◆ **Records provided**:
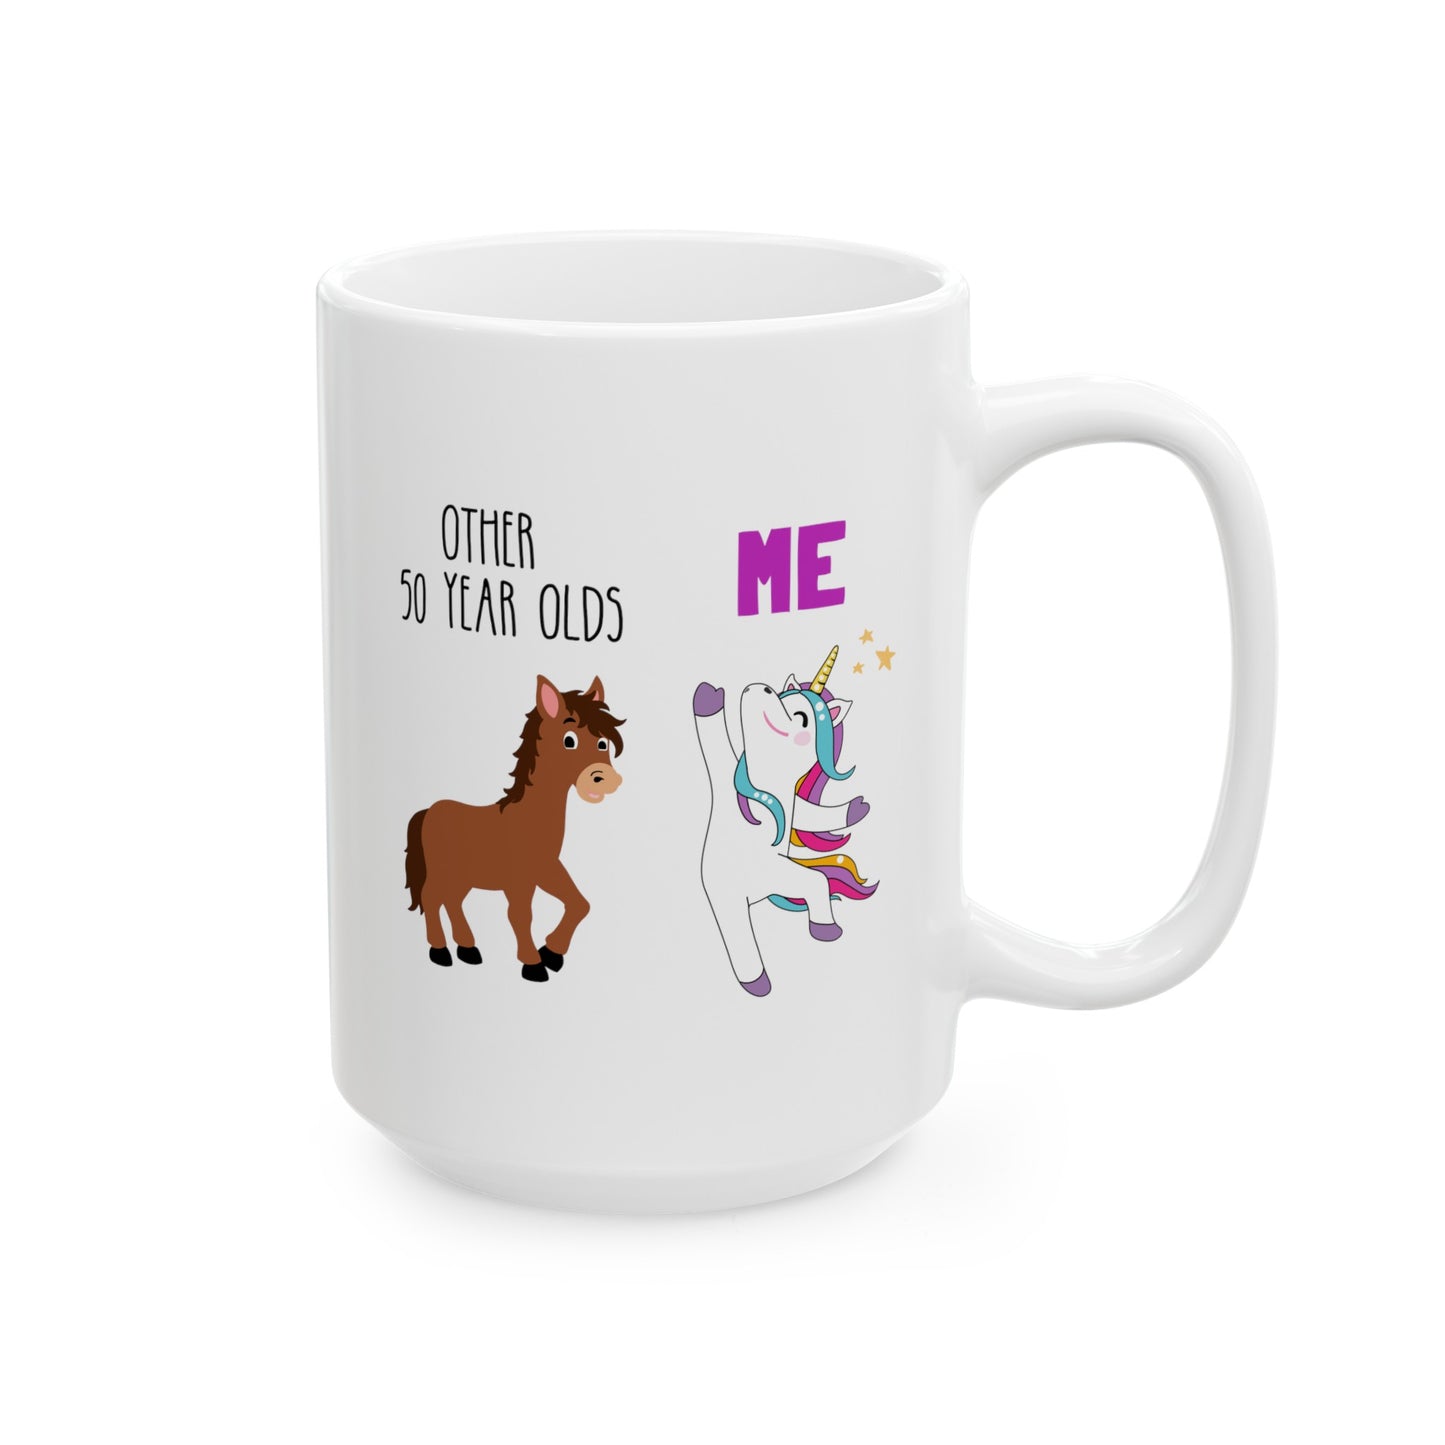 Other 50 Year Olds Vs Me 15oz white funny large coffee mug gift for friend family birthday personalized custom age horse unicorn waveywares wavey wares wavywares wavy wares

...

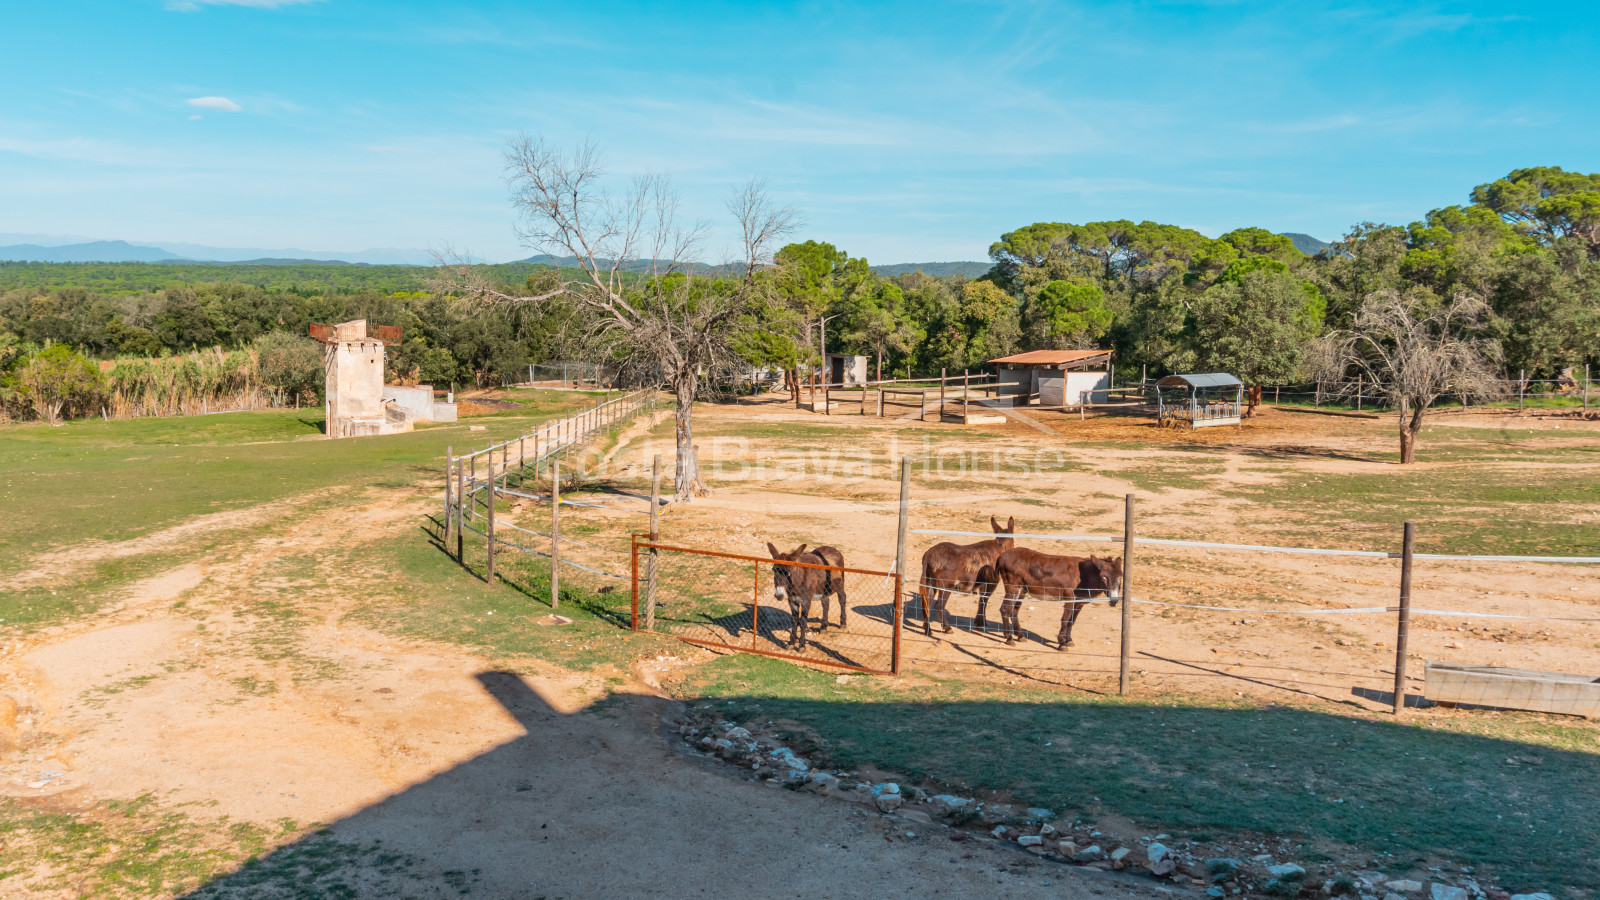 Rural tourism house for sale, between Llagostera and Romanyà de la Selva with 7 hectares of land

* * *

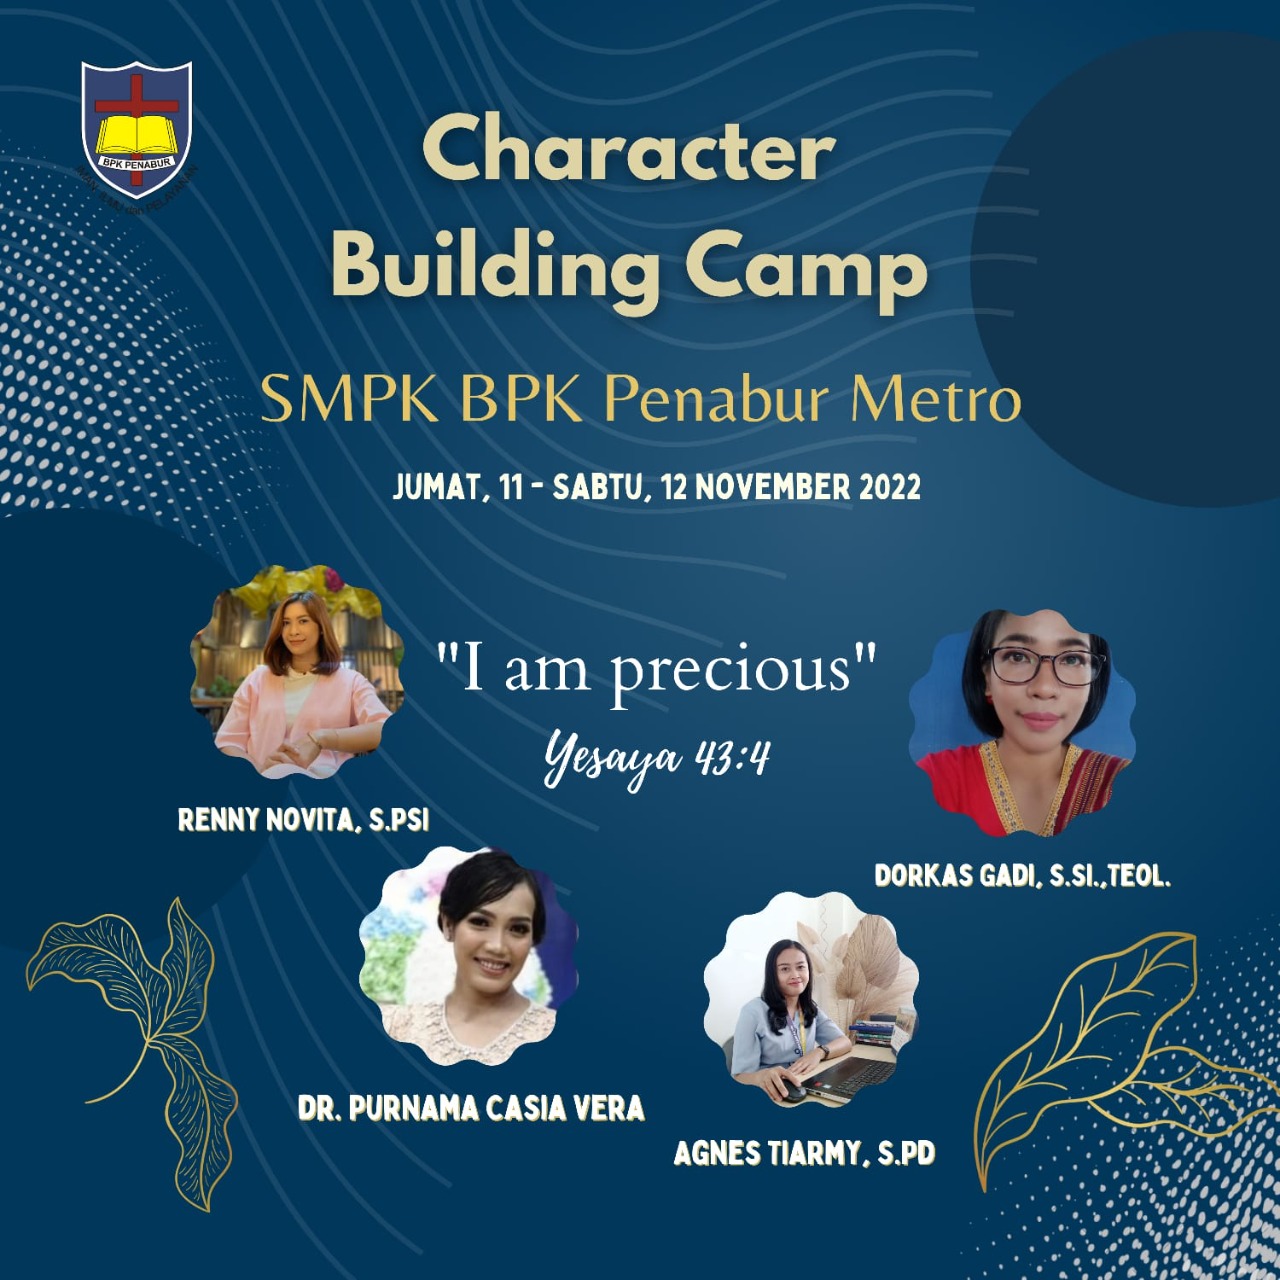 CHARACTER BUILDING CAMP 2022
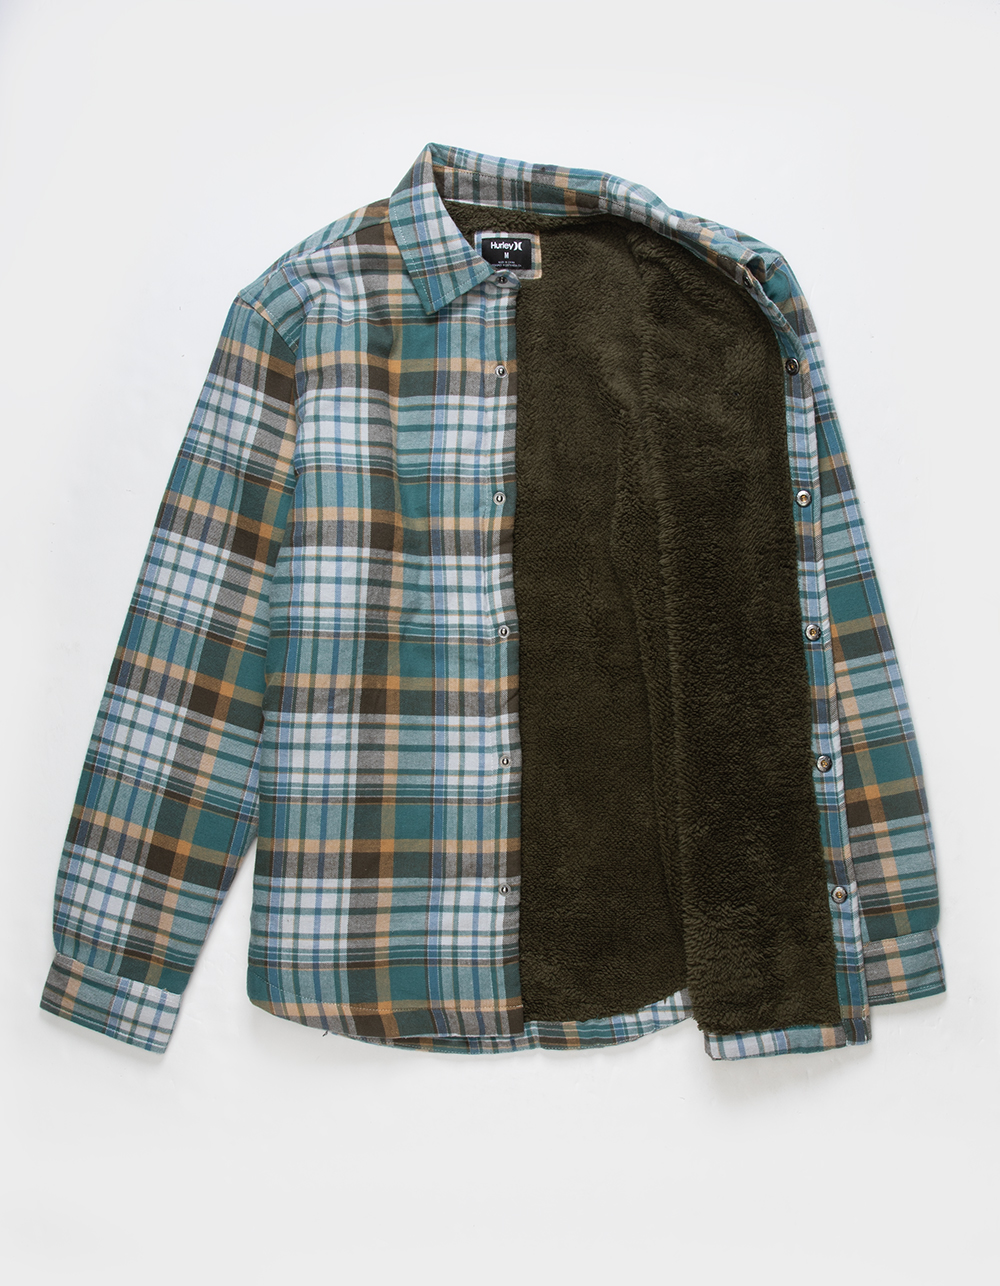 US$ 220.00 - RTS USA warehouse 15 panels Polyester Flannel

◆ **Assignment**:
What do the entries above read from the line containing "CHARACTER BUILDING CAMP 2022" through the line containing "US$ 220.00 - RTS"? Output those lines exactly, both ends included, with the pictures left out.

◆ **Response box**:
 CHARACTER BUILDING CAMP 2022
 US$ 220.00 - RTS USA warehouse 15 panels Polyester Flannel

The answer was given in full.